Intervention de Patrice Martin-Lalande

Séance en hémicycle du 22 novembre 2012 à 21h30
Aménagement numérique du territoire — Discussion générale

Photo issue du site de l'Assemblée nationale ou de WikipediaPatrice Martin-Lalande :

Madame la présidente, madame la ministre, chers collègues, cette proposition de loi a le mérite d'offrir l'occasion d'un débat sur une problématique qui évolue en permanence, avec un contexte économique peu porteur pour les opérateurs privés et l'annonce d'une nouvelle politique gouvernementale.

Je partage la préoccupation des sénateurs Hervé Maurey et Philippe Leroy de mieux assurer l'aménagement numérique de notre territoire en très haut débit en renforçant le rôle que jouent dans cet aménagement les collectivités territoriales. Toutefois, dans le contexte actuel de crise économique et de fragilité des opérateurs français, je m'interroge sur la possibilité de mettre en oeuvre les remèdes proposés en édictant une série de nouvelles obligations qui s'imposeront aux collectivités territoriales et aux opérateurs de communications électroniques.

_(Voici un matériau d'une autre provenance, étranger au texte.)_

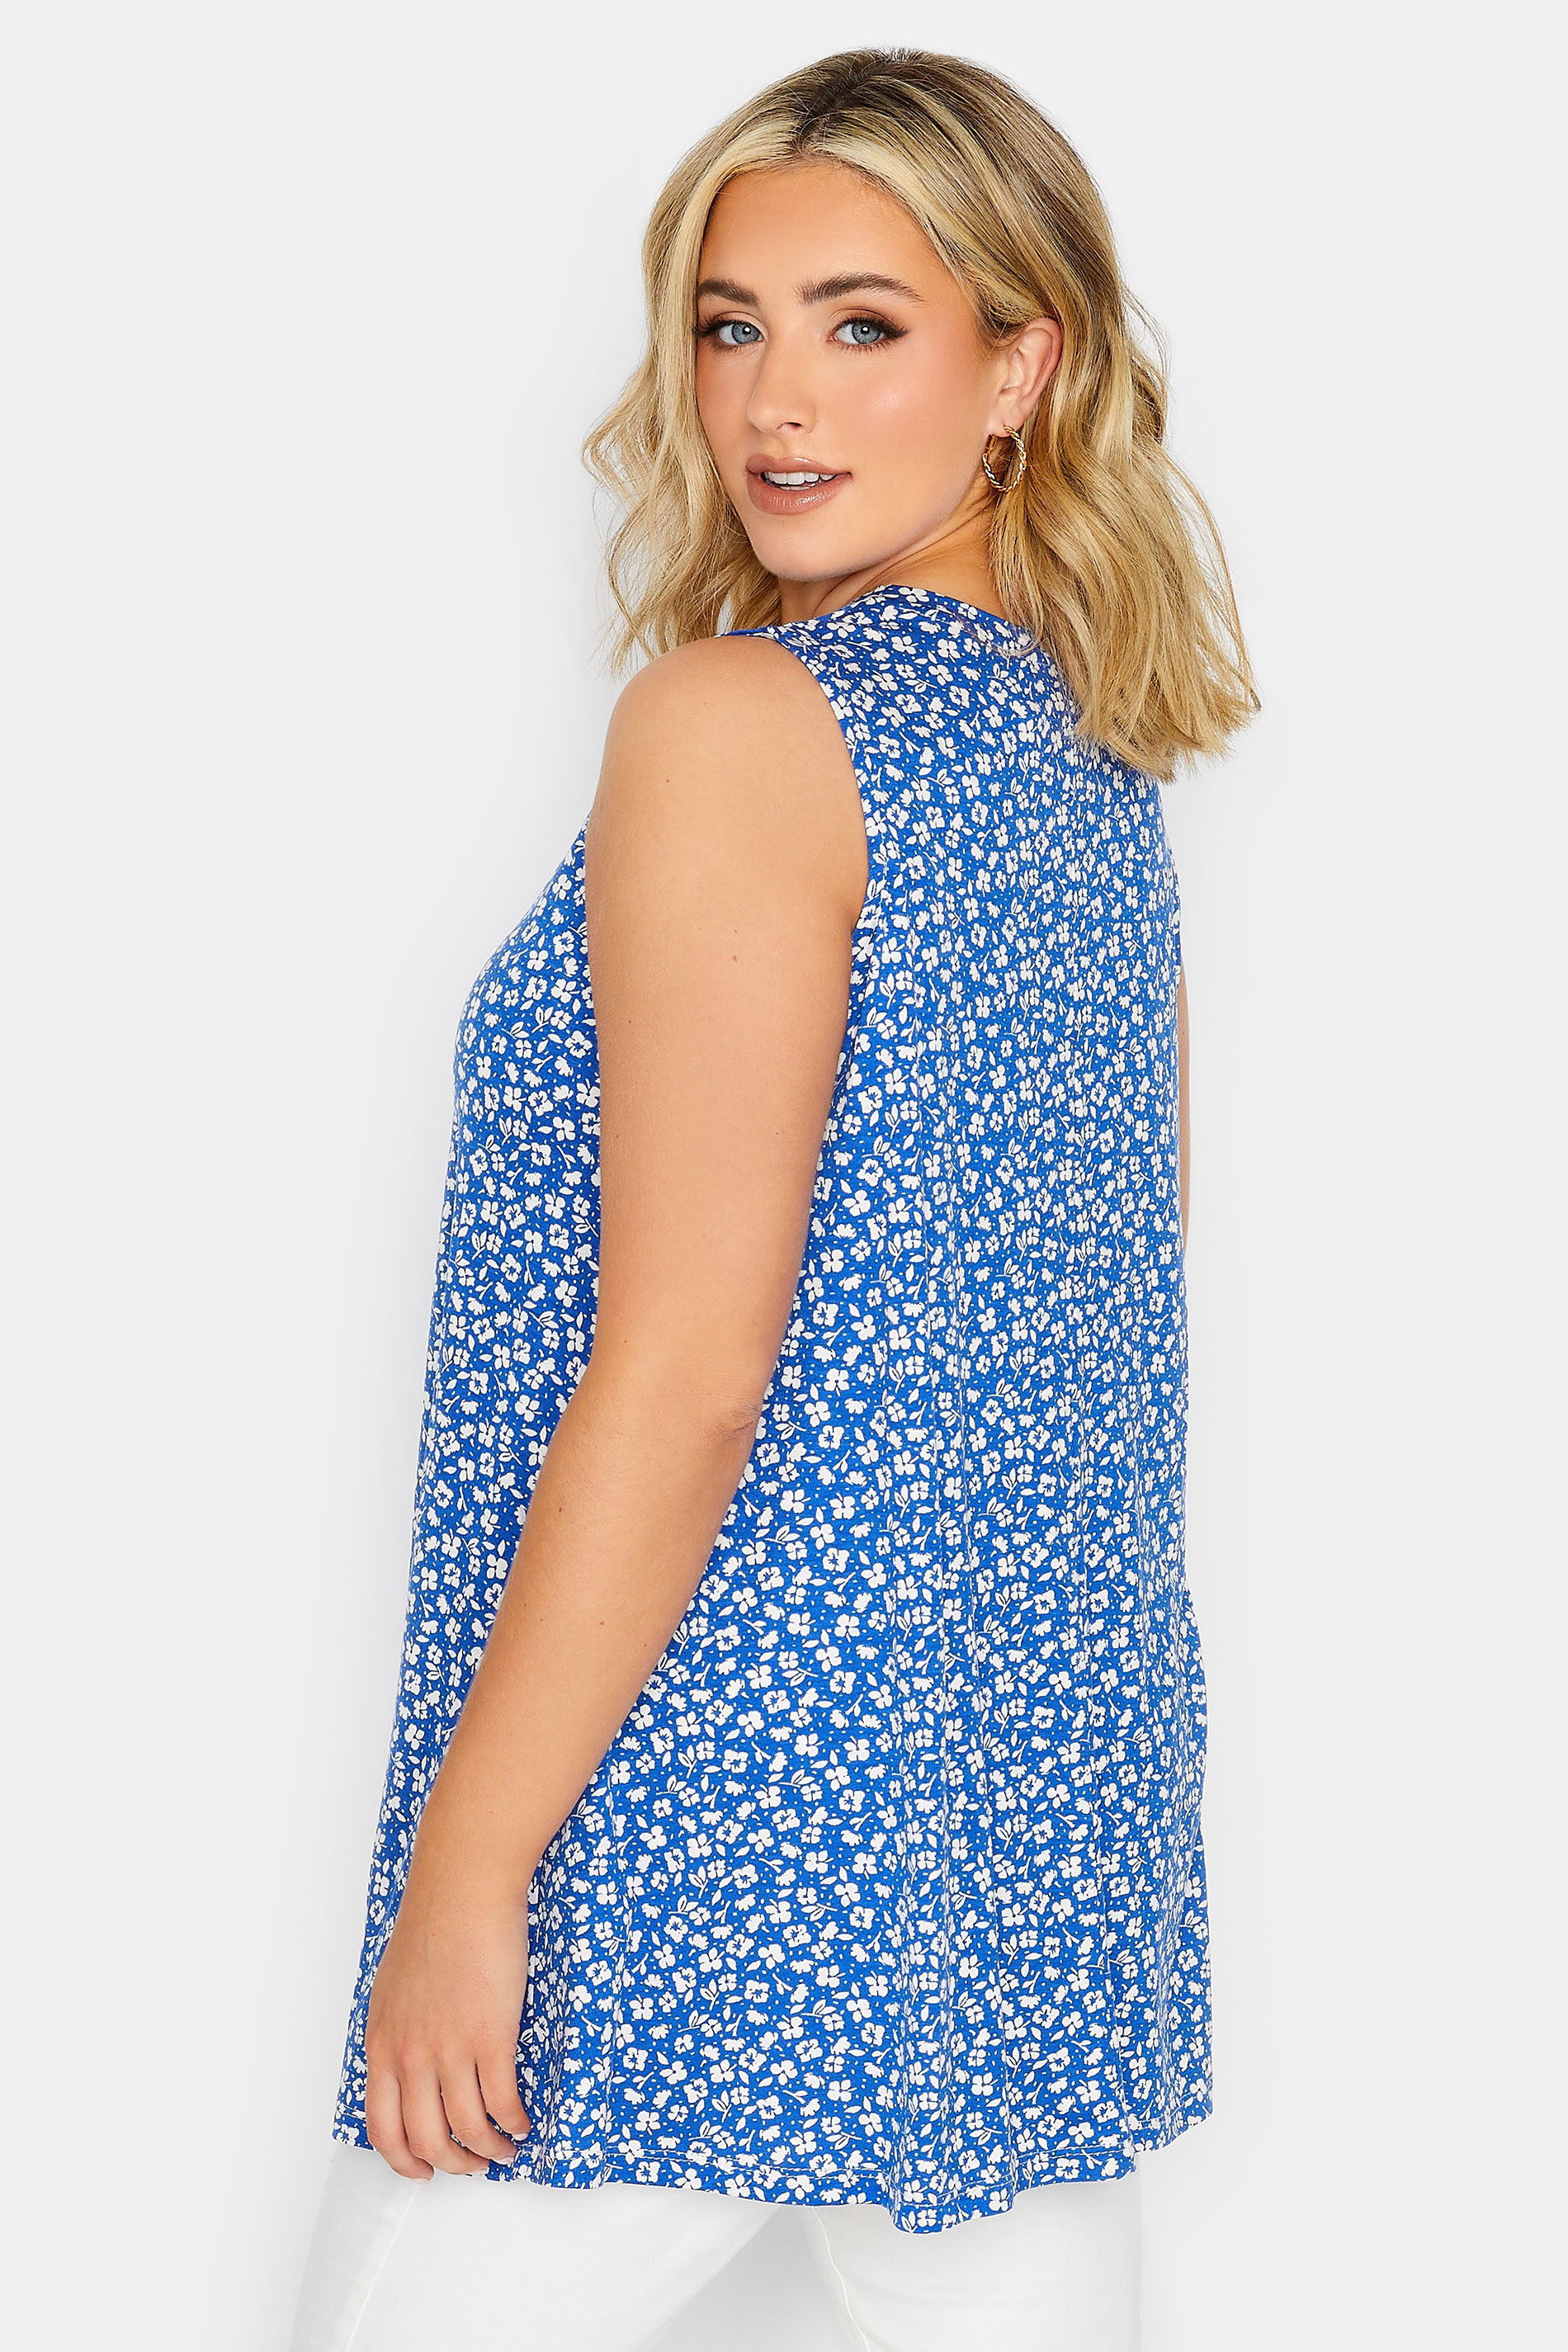 YOURS Plus Size Blue Floral Print Pleat Front Vest Top | Yours Clothing 3

Depuis deux ans, les pouvoirs publics ont élaboré, avec l'ARCEP, un cadre juridique qui me semble clair, favorisant l'engagement des opérateurs dans un plan ambitieux de déploiement de la fibre optique sur le territoire national. En renforçant les contraintes et les sanctions à l'encontre des opérateurs privés, en mettant en concurrence les déploiements privés et publics, en remettant en cause des pratiques de contractualisation et les programmes d'investissement déclarés, je crains que la présente proposition de loi ne déstabilise, au moins en partie, le cadre juridique qui est le garant du modèle économique nécessaire pour l'investissement dans la fibre optique.

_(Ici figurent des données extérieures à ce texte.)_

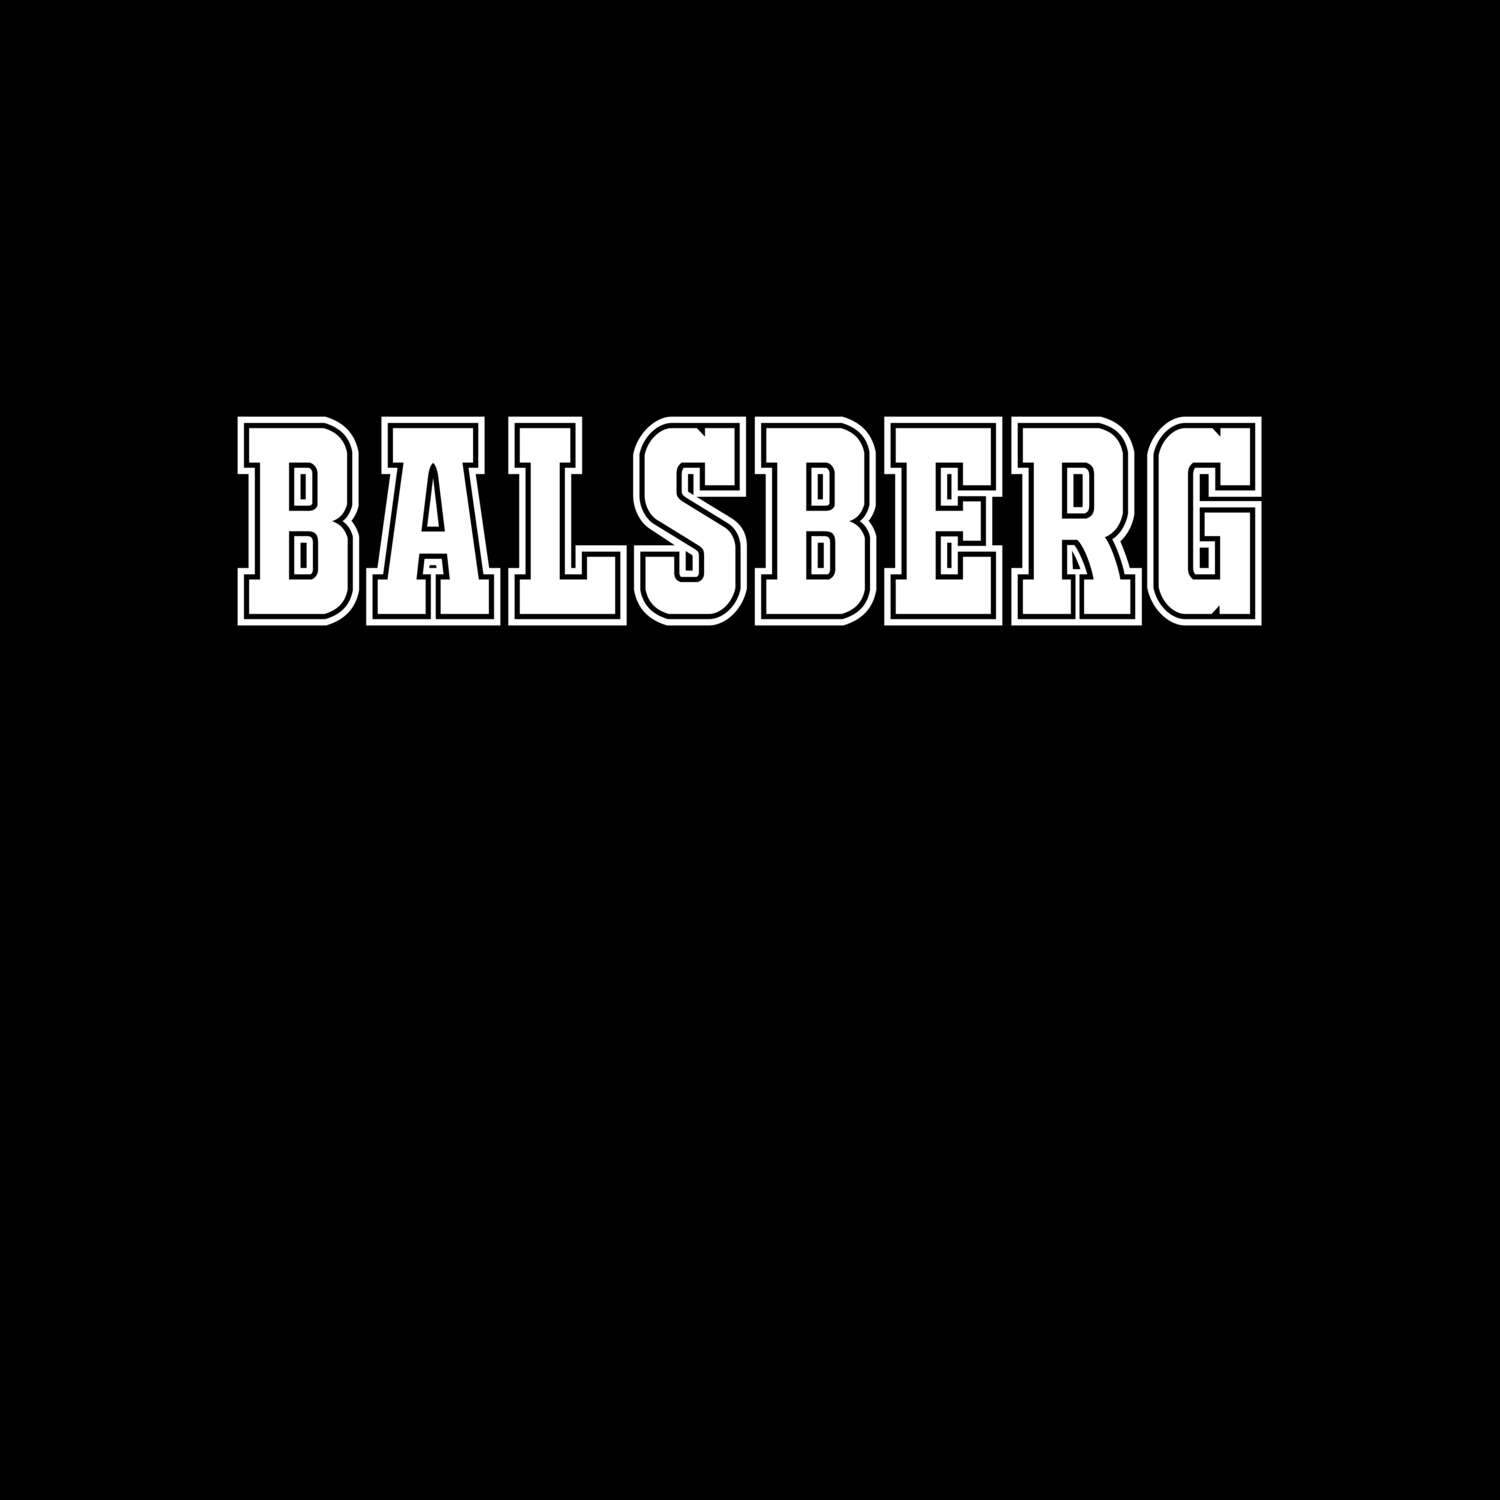 Balsberg T-Shirt »Classic«

Il faut veiller à ce que cette proposition de loi n'aille pas à l'encontre d'objectifs que nous partageons tous. Dissuader l'initiative privée serait rendre un mauvais service au pays. Remettre en cause ce que nous avons fait pour éviter les doublons de réseaux serait également dommage. Il ne faut pas non plus créer de nids à contentieux, d'insécurité juridique : Dieu sait si nous n'en avons pas besoin dans le domaine du très haut débit ! Pour s'engager, les investisseurs, privés et publics, ont besoin d'une visibilité et d'une stabilité du cadre juridique et fiscal ; n'envoyons pas de signaux négatifs pour l'investissement.

L'élaboration des schémas directeurs, à laquelle nous procédons dans nos départements ou nos régions, est une tentative bien délicate de réduire les incertitudes de tous ordres, technologiques, économiques, incertitudes d'usage... Rendre obligatoire l'application de ces schémas me semble assez risqué, car nous aurons à revoir leur contenu en permanence, année après année, quelques fois plus souvent encore, parce que tout évolue trop vite et que certains points d'interrogation sont loin d'être levés et ne le seront que progressivement. Je suis donc tout à fait réservé vis-à-vis d'une telle obligation : nous devrions en permanence les remettre en cause, et ce serait un frein à l'engagement des investisseurs.

Par exemple, nous avons besoin de réduire l'incertitude sur les réseaux de collecte, dont il nous faut assumer la construction. Ce que je constate en Loir-et-Cher, c'est que, sur le tracé exact des fourreaux à installer, la fibre qui se trouve à l'intérieur, la capacité utilisée et celle qui peut être libérée, la place disponible pour de nouvelles fibres, nous sommes en attente d'informations suffisantes. Selon la réponse que nous obtiendrons des opérateurs, le coût de l'investissement pour le département variera entre 1 ou 2 millions et 22 millions d'euros ! Inutile de vous dire que s'engager sur un schéma avec une telle incertitude sur le montant des investissements est trop risqué ; ce n'est pas réaliste.

Sur la 4G aussi, nous avons d'y voir plus clair, madame la ministre. Il faut mieux connaître les intentions de déploiement : celui-ci aura lieu en beaucoup d'endroits, dans les zones les moins peuplées, les zones de déploiement prioritaire. C'est la meilleure solution pour permettre d'avoir accès à une échéance assez rapprochée au très haut débit. Malheureusement, les engagements sont pris par les opérateurs au niveau national jusqu'en 2023, et c'est seulement à cette date que les engagements commenceront à être départementalisés.